Back to Hub

Food and Beverage Industry Leads its Peers in Sustainability Performance, Ceres Finds

04/24/2018 By

Growing consumer demand for transparent food supply chains and responsible sourcing has pushed the food and beverage industry to embrace sustainability to a larger extent than other sectors, according to new research from Ceres, an NGO focused on sustainability.

Ceres examined how more than 600 of the largest publicly traded U.S. companies are responding to environmental risks, human rights abuses and other threats falling under the umbrella of sustainability. The organization found that food and beverage companies are generally ahead of their peers.

An impressive 90% of the food and beverage companies in Ceres’ analysis hold senior-level executives accountable for sustainability performance, whereas the average for all sectors is 65%.

“Companies including ConAgra Foods, Constellation Brands and Kellogg have established systems to manage material sustainability issues at the senior executive level,” the Ceres report notes, “And one company — General Mills — explicitly states its CEO is ultimately responsible for its sustainability strategy and performance.”

Forty-three percent of food and beverage companies also link executive compensation to sustainability performance metrics, compared with just 8% of all companies.

Executives and unit managers at Molson Coors receive monetary rewards for sustainability performance. C-suite compensation is tied to the company’s 2020 Sustainability Targets, which also incorporate third-party standards like the CDP and Dow Jones Sustainability Index.

Nearly all (95%) of the food and beverage companies in Ceres’ analysis report on climate change-related risks to operations and supply chains in their annual financial disclosures, whereas only half of the companies from across all sectors do so.

Climate change brings along a number of business risks, from increased material costs to supply chain disruptions to lower agricultural productivity. Companies are also aware of the reputational risk associated with environmental and labor malpractices in their supply chains.

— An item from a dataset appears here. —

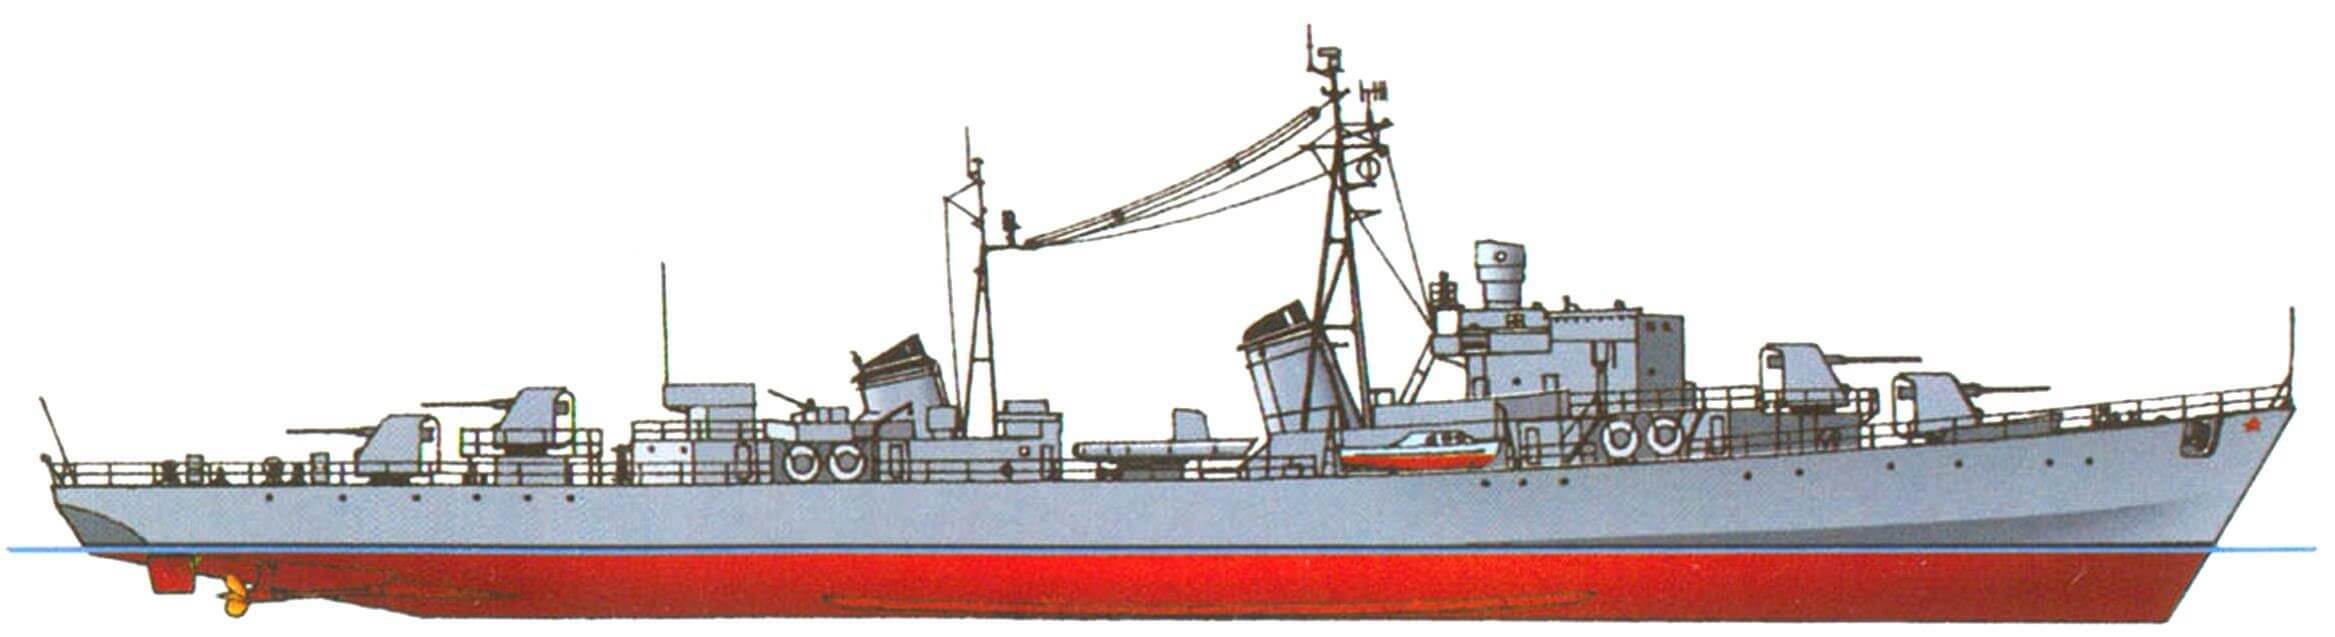 Сторожевой корабль «Сокол» (проект 42), СССР, 1952 г.

In 2015, General Mills announced that it planned to reduce absolute GHG emissions across its full value chain by 28% by 2025. Indeed, food and beverage companies are much more likely to have time-bound targets for reducing GHG emissions (86% versus 36% for all industries). General Mills, Kellogg and PepsiCo have all set science-based targets to support the goals of the Paris Climate Agreement.

Nine out of 10 food and beverage companies have also set time-bound targets to manage water impacts, compared to two out of 10 companies in general.


Overall, the food and beverage industry is leading the way in sustainability initiatives, but plenty of opportunities remain. The Ceres report concluded with six concrete recommendations for companies that want to boost their own sustainability performance. Here is a brief rundown of the recommendations:

  1. Tie sustainability to compensation. Companies ought to incorporate sustainability criteria into the performance assessments of executives and employees in order to get serious on meeting goals and creating a culture of sustainability.
  2. Be proactive in engaging investors on sustainability by highlighting ESG (environmental, social and governance) performance data and risk mitigation successes.
  3. Set GHG emissions reduction goals and prioritize renewable energy. The RE100, for instance, is a global initiative to commit to 100% renewable power, and it boasts Hewlett Packard, Kellogg, and Starbucks as members.
  4. Collaborate with other companies on clear water management strategies, prioritizing areas of highest risk.
  5. Establish comprehensive sustainable sourcing strategies for the agricultural supply chain, the food and beverage industry’s biggest risk area.
  6. Use scenario planning to align with the Paris Agreement’s goal of limiting global warming to below two degrees Celsius (3.6 degrees Fahrenheit).